しかし、だからこそ、登場人物たち全員を嫌いになれないのが魅力かもしれません。
嫌な人間も多いですが、その嫌な点はそのまま人間くさい点でもあります。
「酷いな・・・」と思いつつ、どこか共感できるので、読んでいて微妙な気持ちになりました。
3人の語り手(視点)のうち、唯一の男性である基の思考は、滑稽であるとともに、ヒヤヒヤする危なっかしさもありました。
リキや悠子の意見を聞き入れる素直さを持ちつつ、しかし根本的には何も理解していないであろう楽観的なところは、この先大丈夫なのだろうか、と思わせる危うさを感じます。

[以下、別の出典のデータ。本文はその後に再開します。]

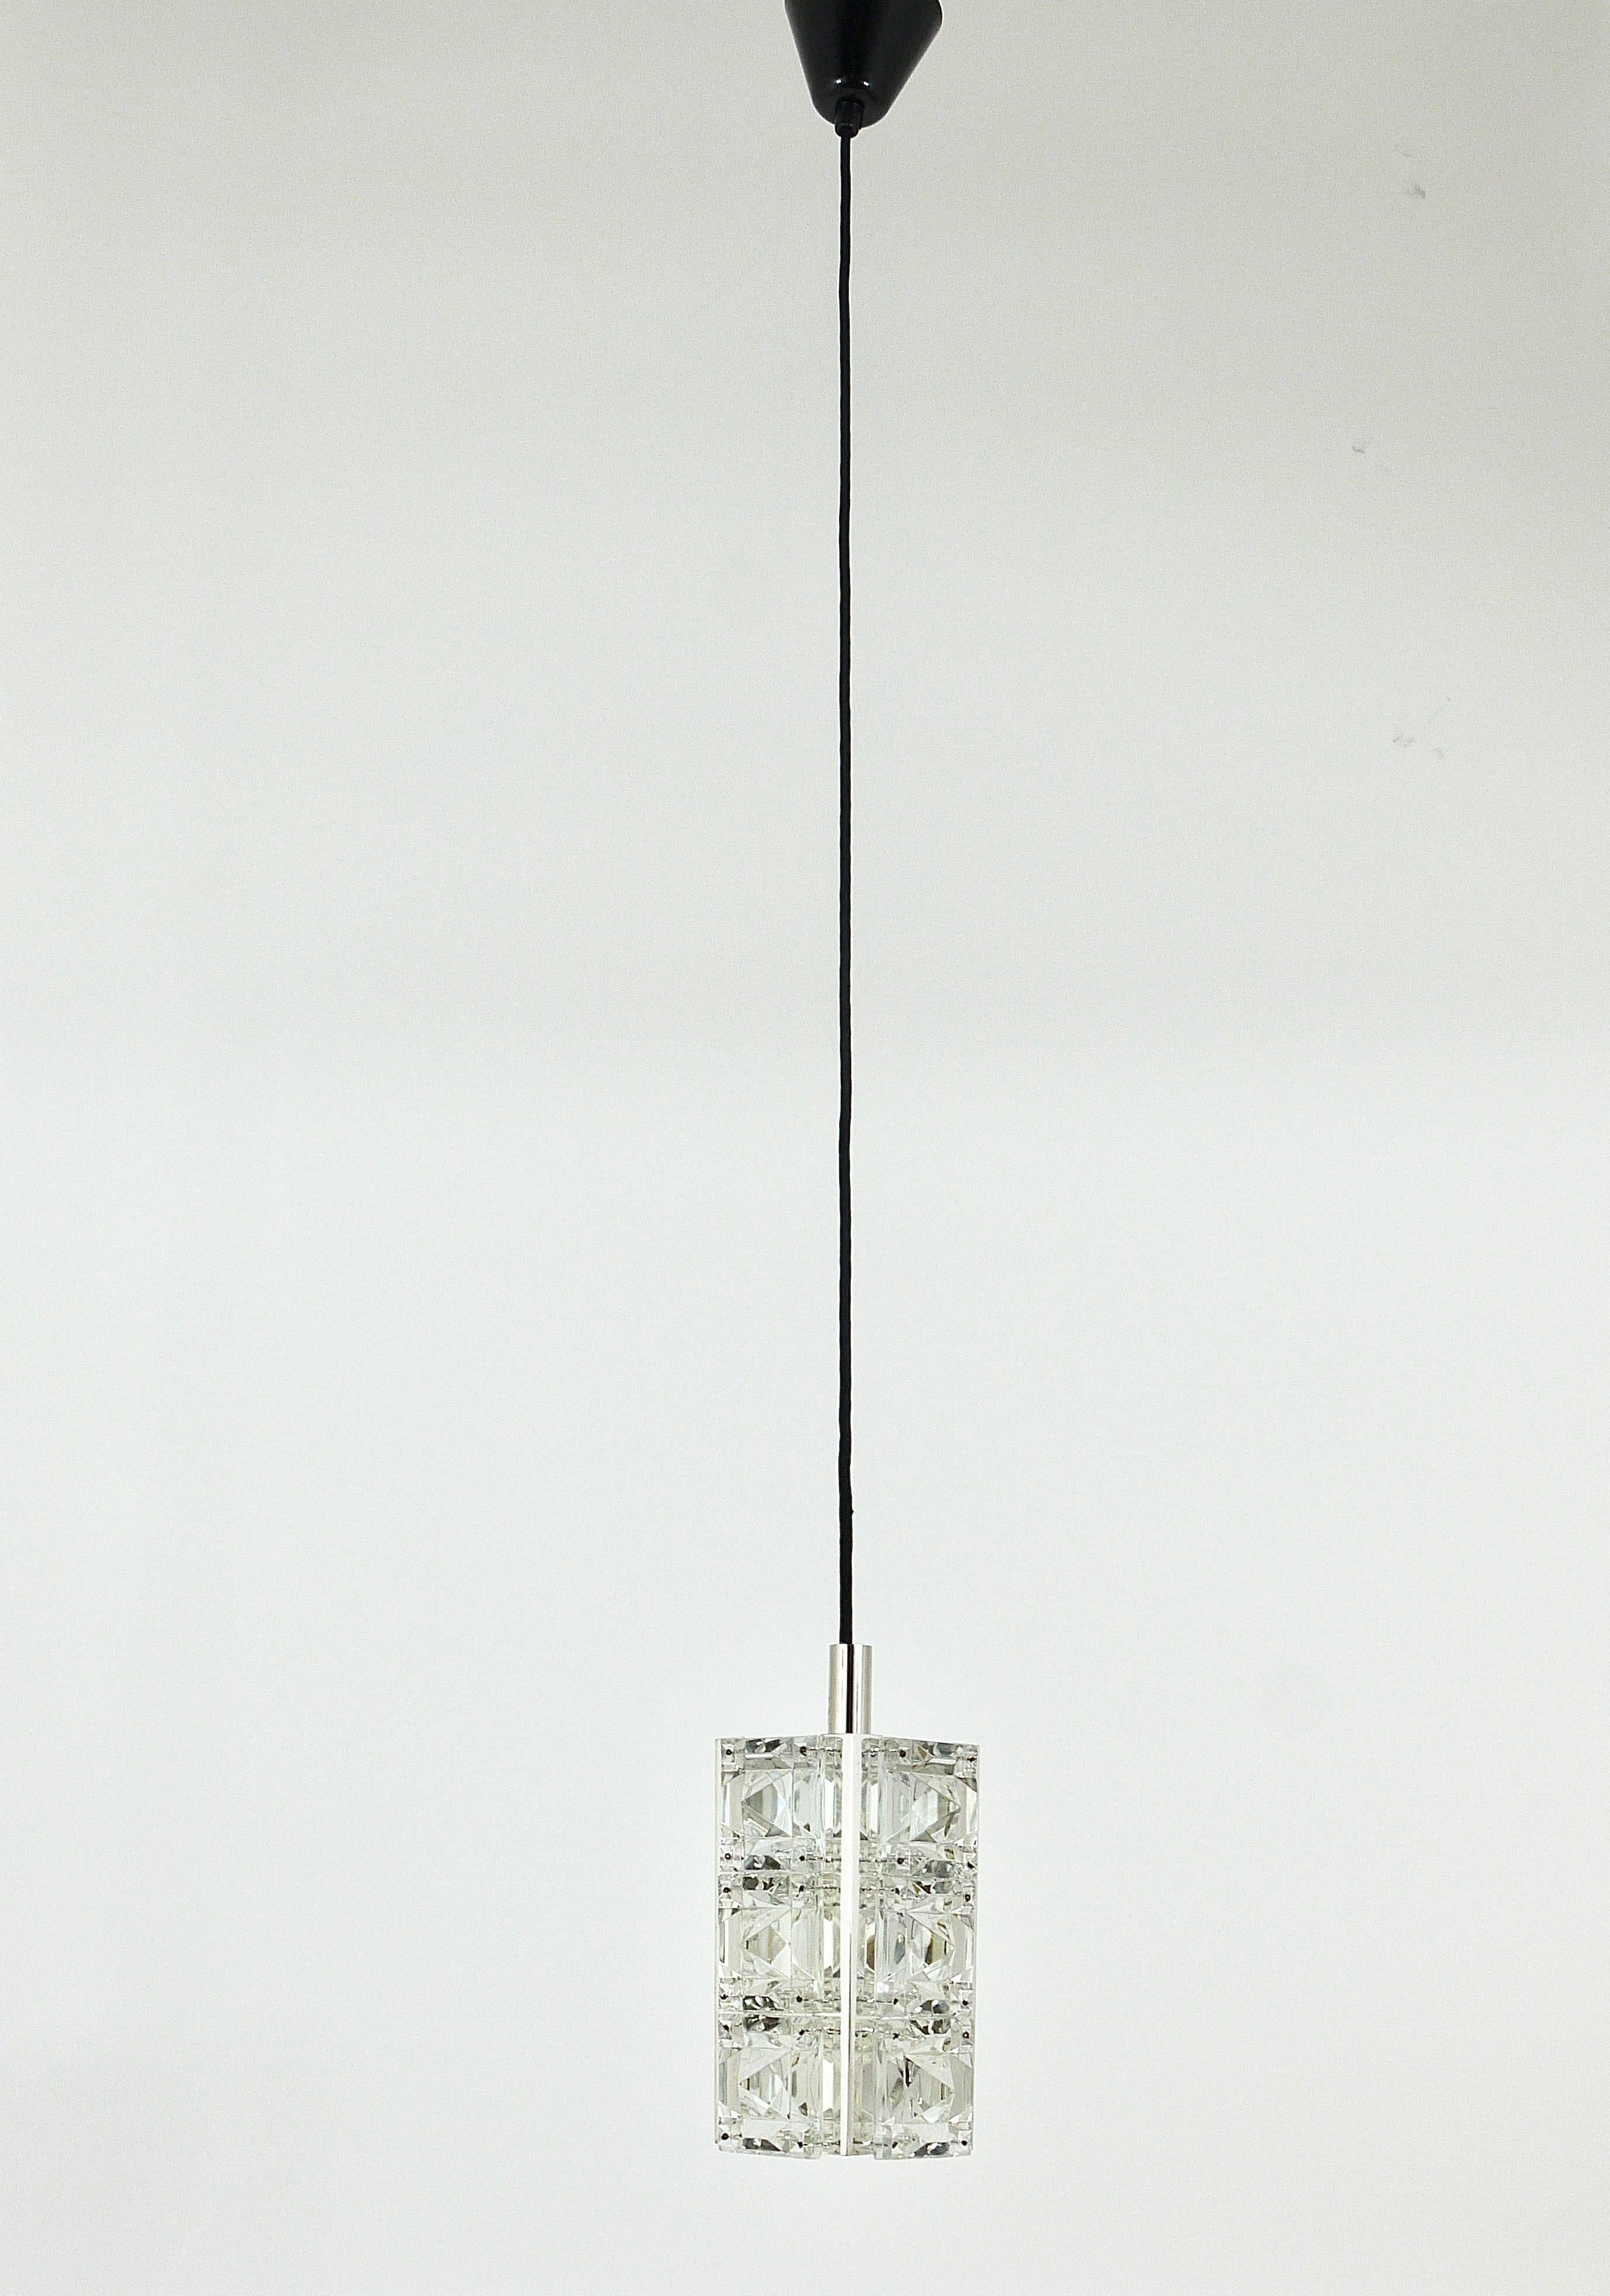 Up to three beautiful square pendant lights from the 1960s, executed by Bakalowits in Austria. Square triangular-faceted glass crystals, mounted on a nickel-plated hardware, each lights has one light-source. Rewired on a black fabric cord. In very

自分の遺伝子を持つ子どもが欲しい、という理由で代理出産を自分本位で進めていく基。
けれども、結局男性は、妊娠と出産に関してどこまでも部外者でしかない、という事実を突きつけているようでした。
おそらく子どもをかわいがる父親になるのだろうと思いますが、子育てと子どもの成長への期待しかない思考はやはり恐ろしいです。
そんな基から半ば強引に代理出産を決定された悠子は、女性であることと、不妊治療の経験からリキに寄り添う姿勢を見せますが、やはり他人事でしかないのが悲しかったです。
そんな悠子の友人で、春画画家であるりりこの圧倒的なインパクトと面白さが魅力でした。
登場するキャラクターたち全てと相反する存在といったりりこ。
その存在は小説のアクセントでもあり救いでもありました。
圧巻のラストに救われた
ネタバレは書きません。
ただ、この「燕は戻ってこない」のラストは最高でした。
読んでいる間中ずっとどのように完結するのか気になっていました。
代理母がテーマの話だから、産んだら終わりなのか。
その読みたいような、読みたくないような感情を全て押し流してくれる、爽快すぎる結末だったと思います。
400ページ以上の大作ですが、一気に読めてしまう面白さがありました。
純粋に続きが気になりすぎて、仕事も家事もサボりたい・・・、と後ろ髪を引かれる思いでした。
最後まで読んで本当に良かった!と思える小説です。
ここまで「燕は戻ってこない」の感想でした。